Two prisoners were escaping down a ladder. While the seasoned prisoner at the top watched for guards, the new prisoner went down the ladder first and slowly. Once the ladder was clear, the seasoned prisoner slid down in just three seconds, then he scolded the new prisoner for being so slow. The new prisoner replied, "Well, look at mister con descending here."
Why does it matter? Everyone knows the prison system can't change anything.
One interacts with felons, half of which are probably innocent of crimes, and the other works on Capitol Hill.
I used to pass a lot of bad Czechs.
Just think that there are jokes based on truth that can bring down governments, or jokes which make girl laugh.

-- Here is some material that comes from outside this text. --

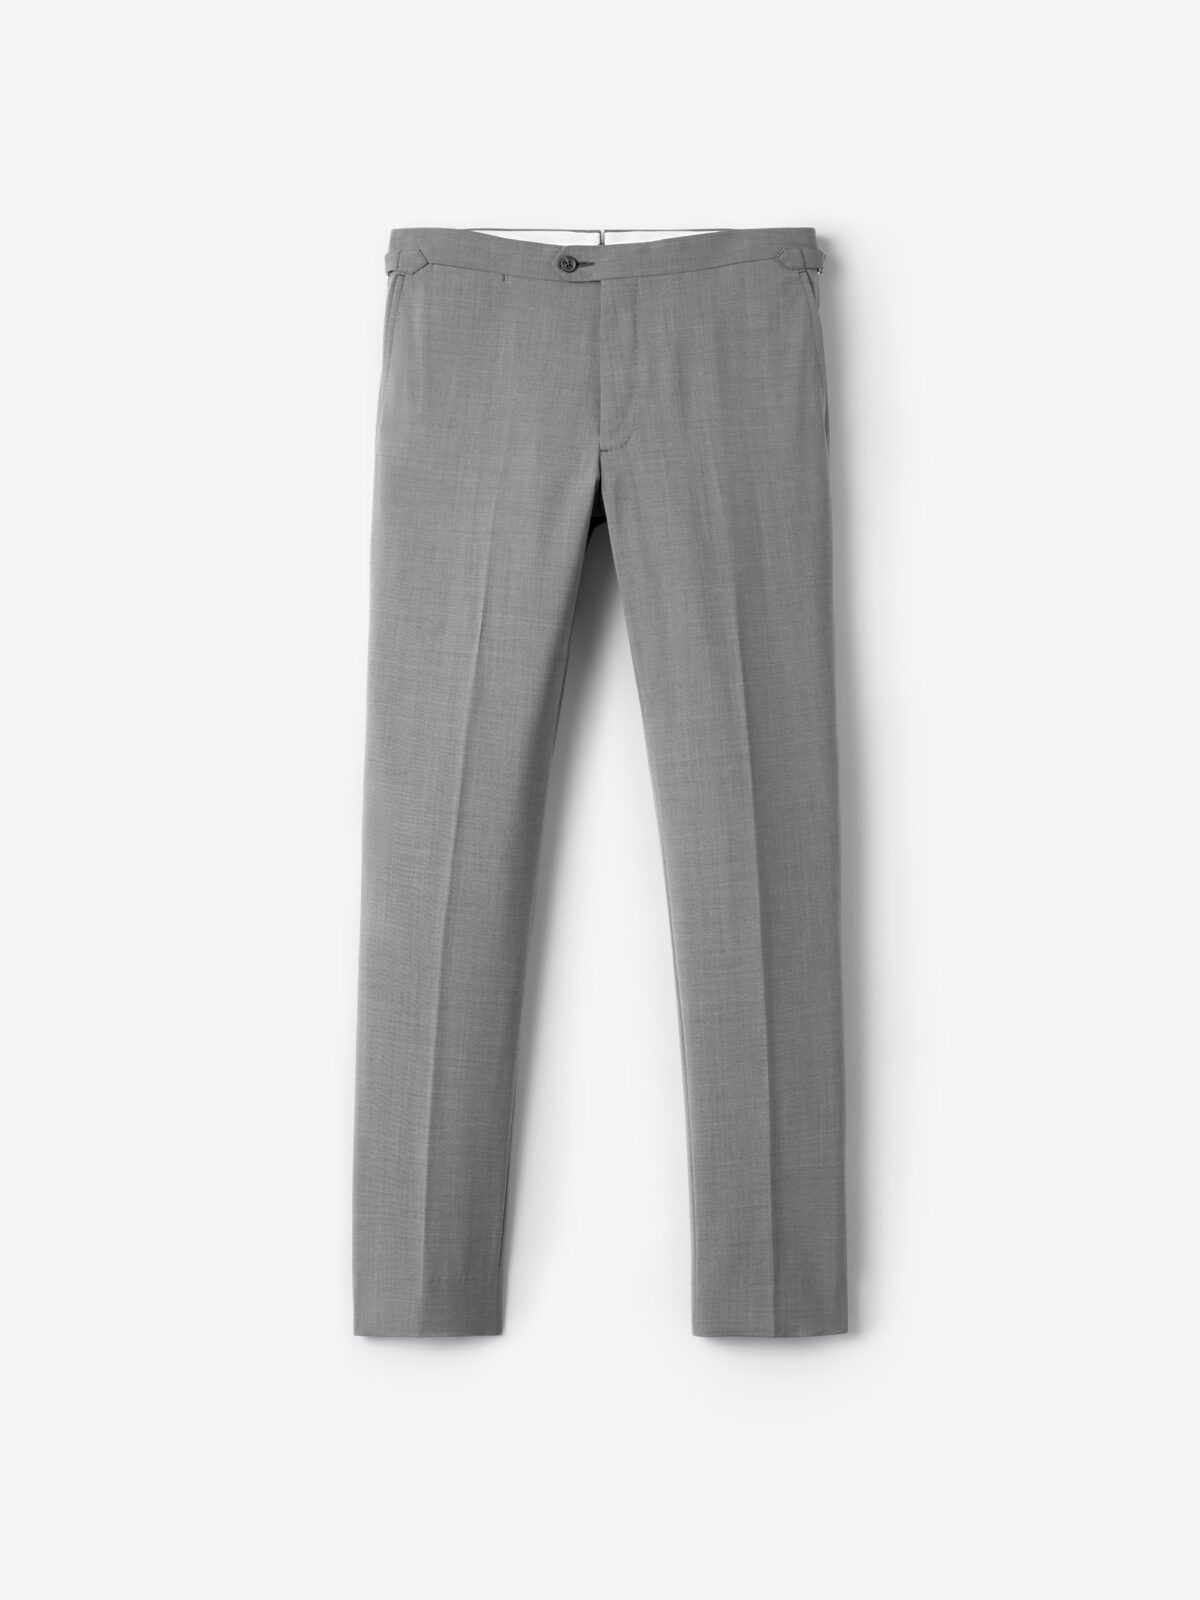 MENS SUMMER SUPERIOR FLECK TROUSERS/PANTS light weight 32 upto 50

Many of the prison guard life sentences jokes and puns are jokes supposed to be funny, but some can be offensive. When jokes go too far, are mean or racist, we try to silence them and it will be great if you give us feedback every time when a joke become bullying and inappropriate.
We suggest to use only working prison guard maximum security piadas for adults and blagues for friends. Some of the dirty witze and dark jokes are funny, but use them with caution in real life. Try to remember funny jokes you've never heard to tell your friends and will make you laugh.